» **WORK TASK**
Give the listing again word for word. Skip the pictures.

» **DATA SEGMENT**
──────

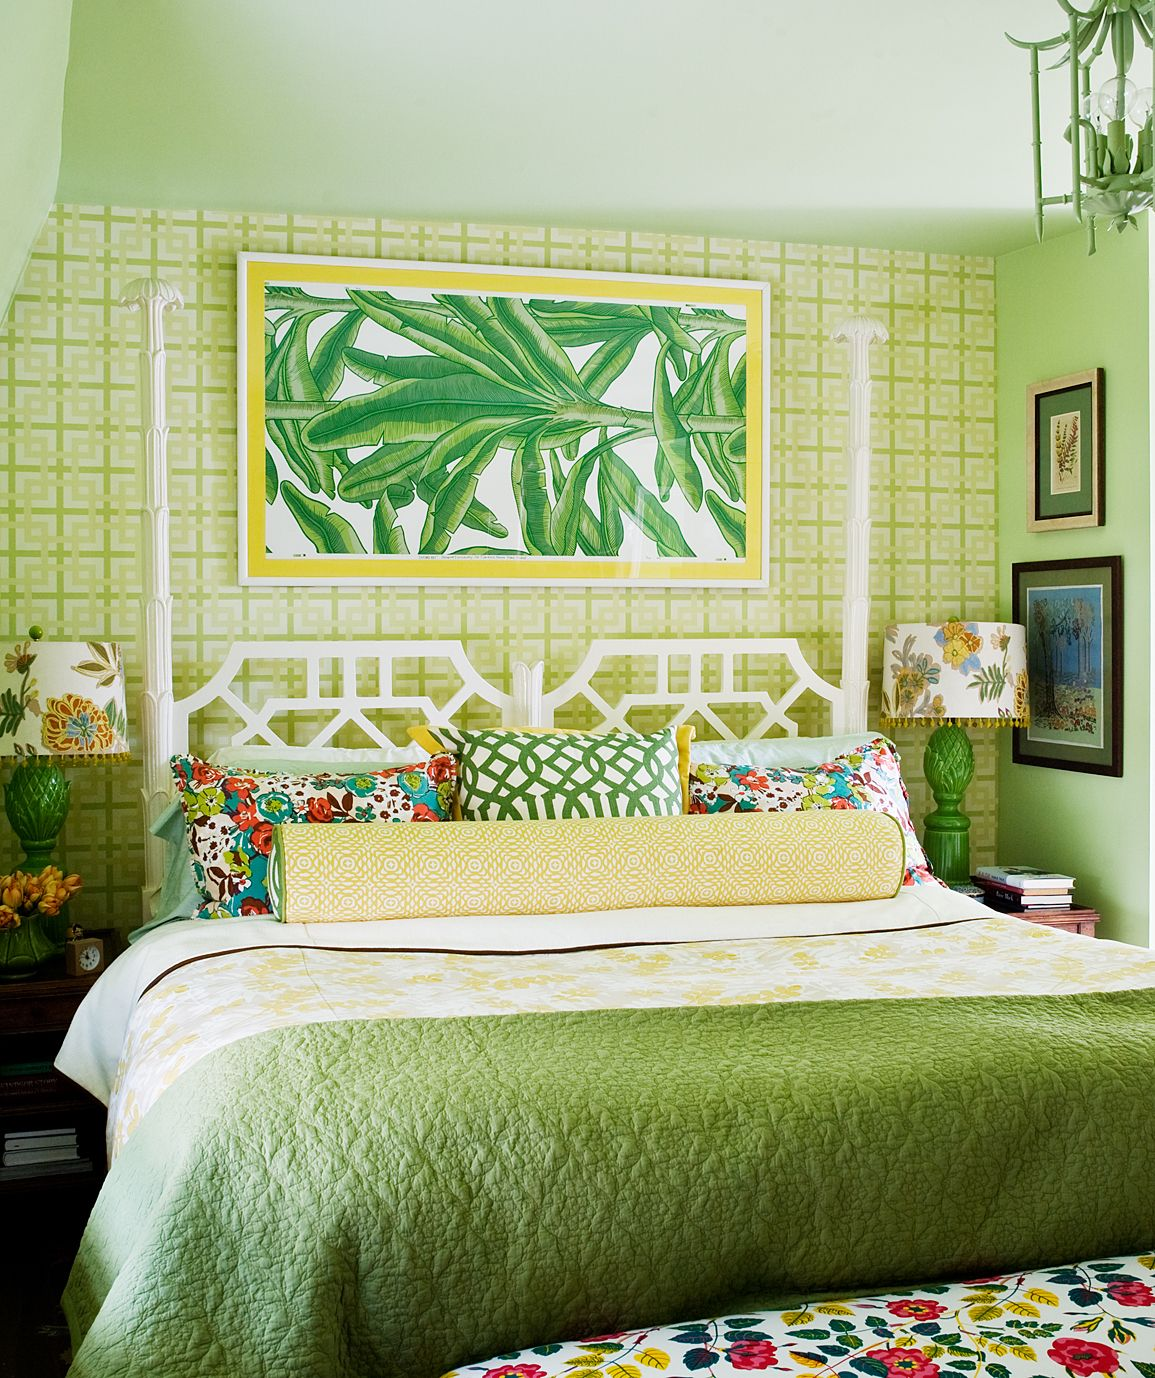 Tropical Beach House Interior: Tropical Bedrooms, Tropical Interior
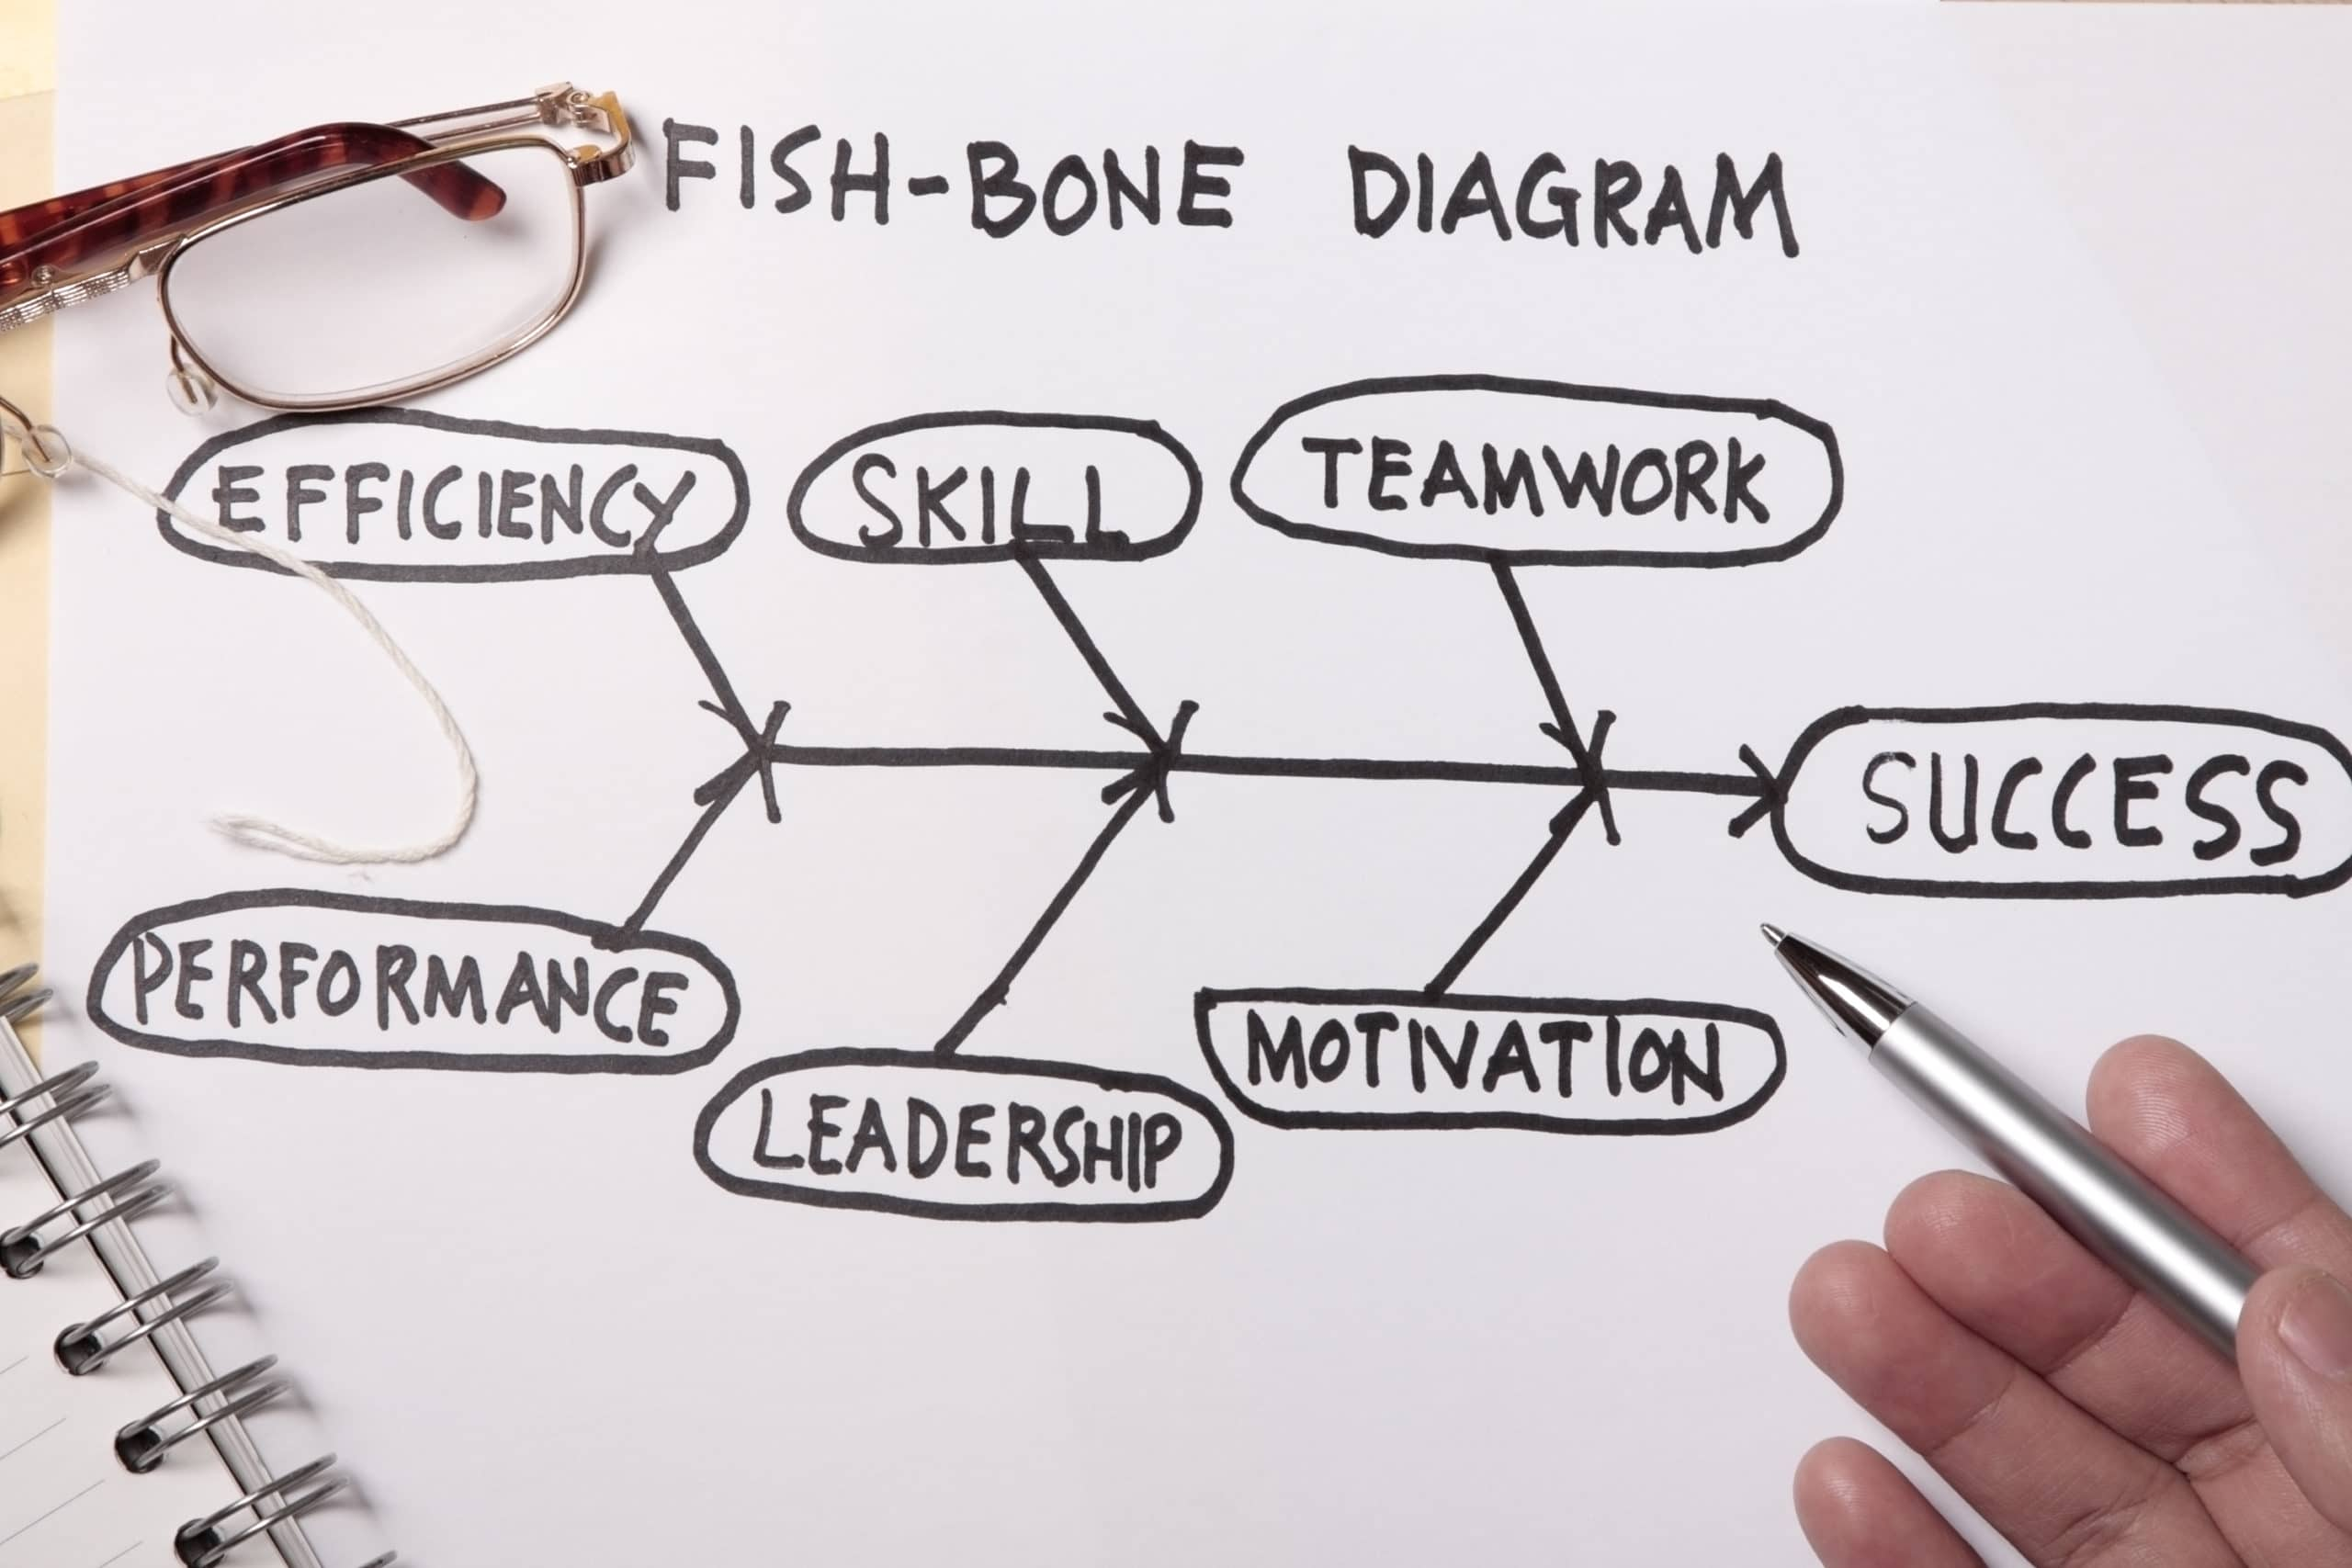 Fish Bone Diagramm
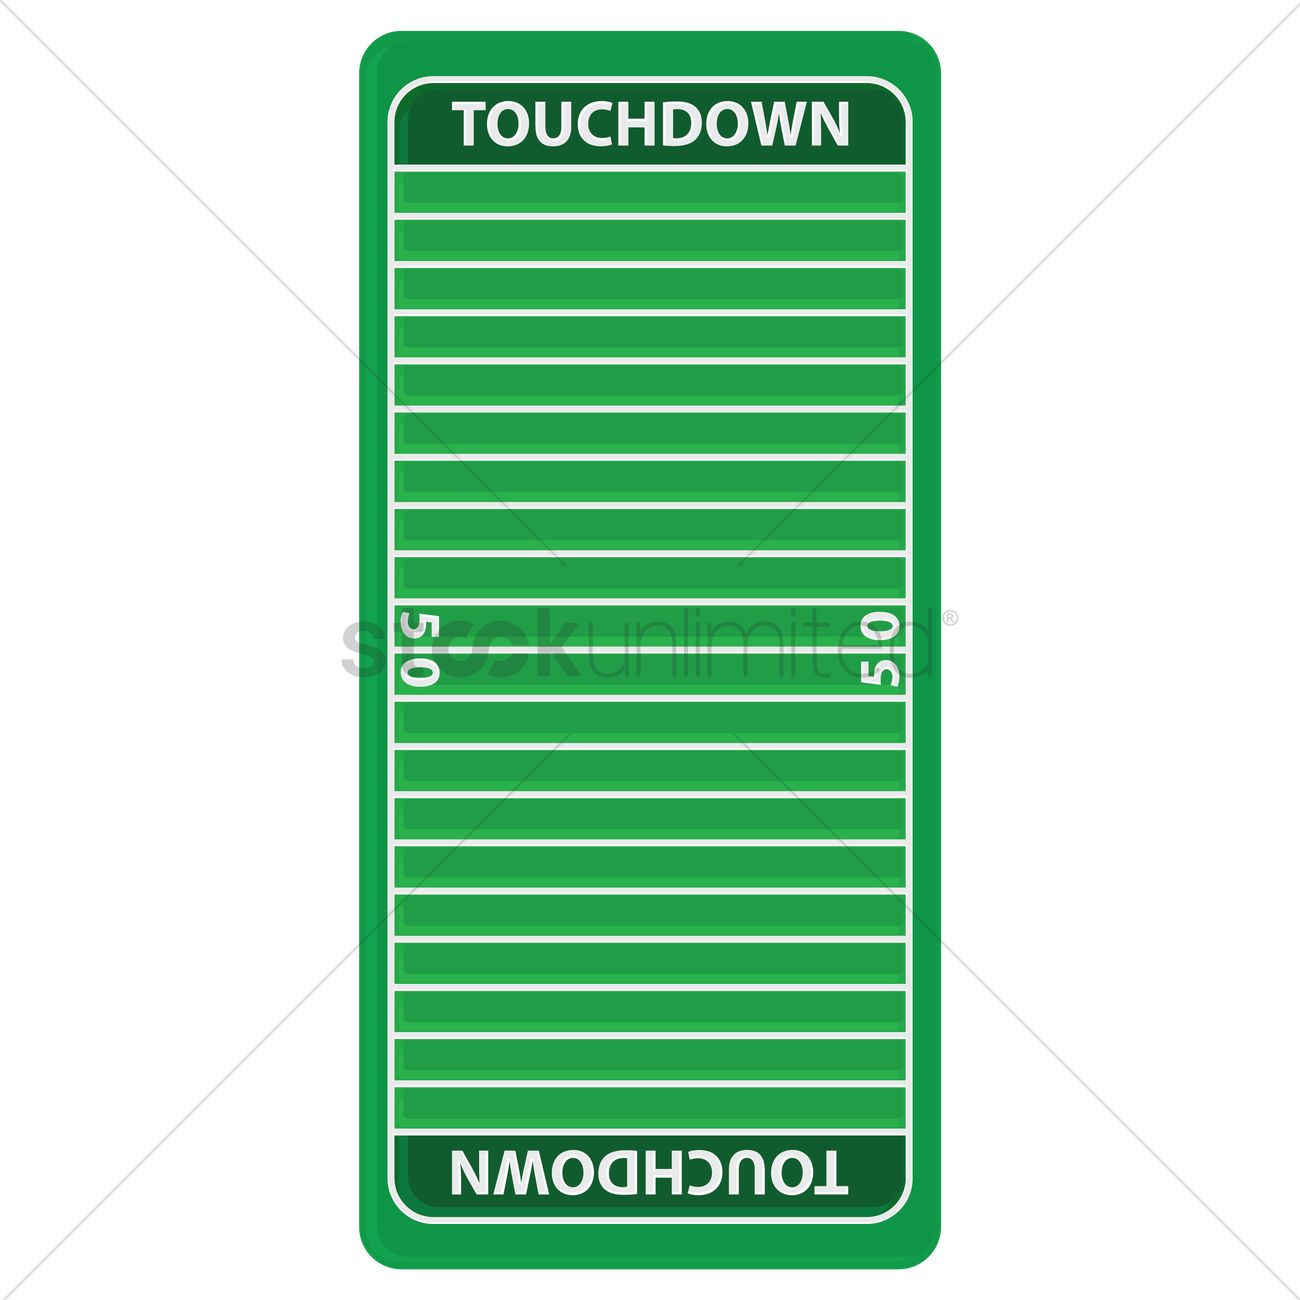 american football field vector image 1485869 stockunlimited rh stockunlimited com football field vector file football field vector free download

──────

» **RESULT FOR THIS EXERCISE**
 Tropical Beach House Interior: Tropical Bedrooms, Tropical Interior
 Fish Bone Diagramm
 american football field vector image 1485869 stockunlimited rh stockunlimited com football field vector file football field vector free download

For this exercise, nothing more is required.